輸入が増加しており韓国がコロナ禍の最悪期から脱出しつつあることは確かですが、雇用情勢の回復が見えません。もっとも雇用は最後に回復するなんていわれますので無理もないのですが。
韓国が未曾有の就職難に見舞われていることは、失業給付(日本で言ういわゆる失業保険)の支給額が全然減らないことからも明らかです。以下をご覧ください。
赤い点線が1兆ウォン(約970億円)に引いてあります。
2020年05月に1兆ウォンの大台に乗って高値を継続、10月~2021年01月に9,000億ウォン台となって、なんとか雇用も戻りつつあるのかと思いきや、2021年02月に再び「1兆149億ウォン」に増加。
03、04月は「1兆1,000億ウォン」を超えました。
非常にまずい状態が続いています。何度もご紹介していますが、失業給付を出している韓国の「雇用保険基金」は、よその基金から融資を受けないと存続できないという事実上破綻状態になっています。
また、雇用労働部のデータによれば、04月は失業給付の受給者は前月よりも8万8,000人(13.5%)増加して73万9,000人になりました。この人数は歴代2位の記録です。
韓国政府が金額制限の動き
このように失業給付の金額が高止まりして下がらないので、韓国政府は失業給付の金額を制限する動きを始めました。

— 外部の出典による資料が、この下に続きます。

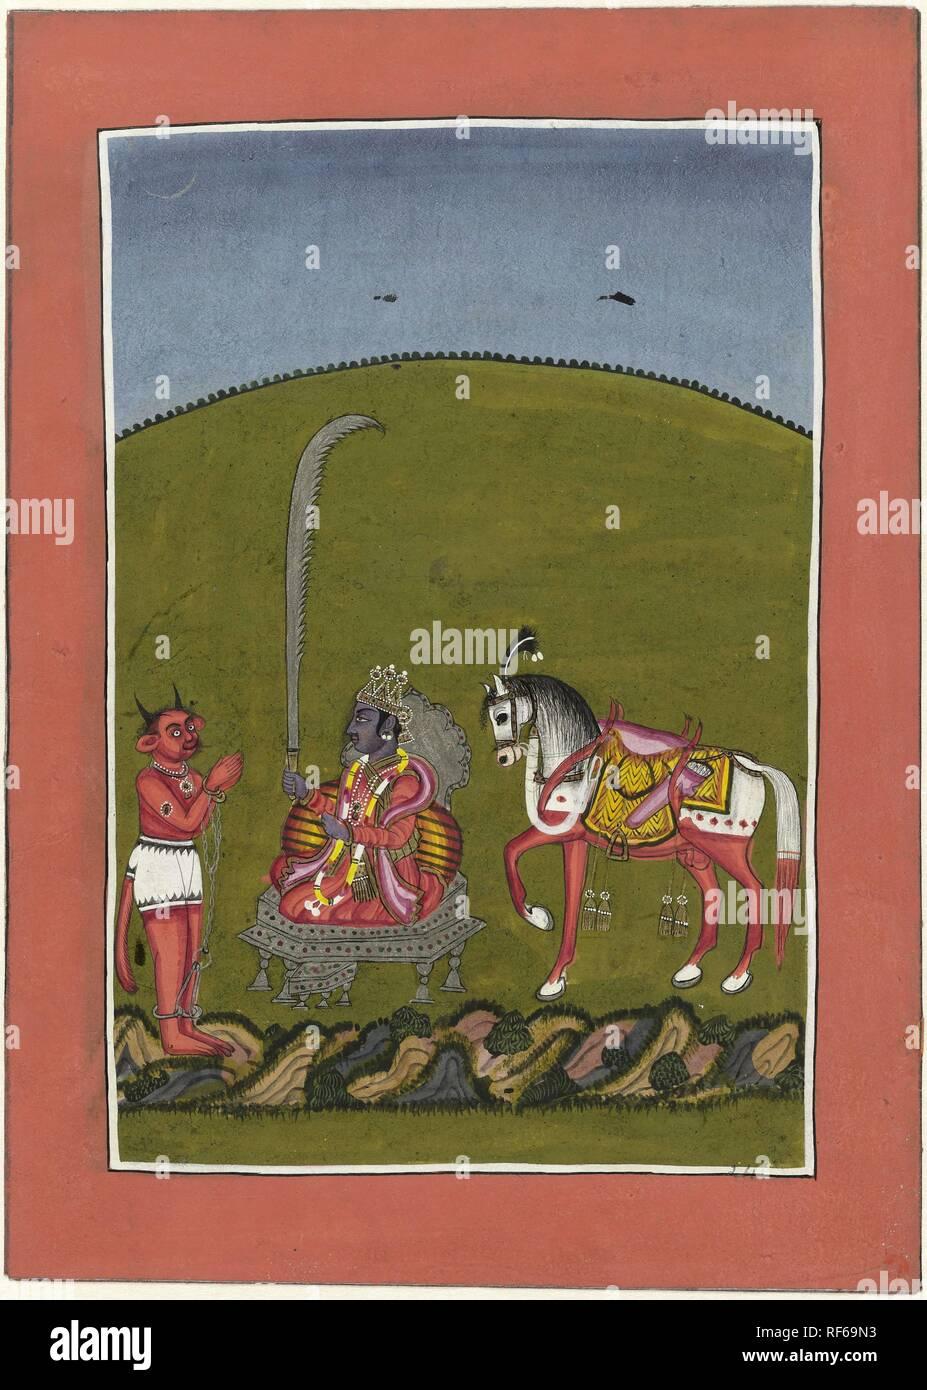 Vishnu Avatars High Resolution Stock Photography and Images   Alamy

・失業と認められるまでの時間を、これまでの1週間から4週間に伸ばす
もちろん、これは事実上枯渇した雇用保険基金をなんとかするための措置でもあります。
具体的には、直前の5年間で3回以上受給した人が対象となります。
3回目:10%減額
4回目:30%減額
5回目:40%減額
6回目:50%減額
とかなりのペナルティーです。ただ、就業と失業、失業給付を繰り返す受給者は年々増加傾向にあり、「2016~2020年失業給付の繰り返し需給の現況」という資料によると、5年間で3回以上失業給付を受けた人数は以下のように推移しています。
2018年:8万3,000人
2019年:8万7,000人
2020年:9万4,000人
社会的セーフティーネットはどこまで支援すべきかという難しい問題なわけですが、韓国の場合、雇用保険基金自体が「助けてくれー」な状況ですので政府の措置もやむなしかもしれません。
お金がないのは首もないのも同然――ですから。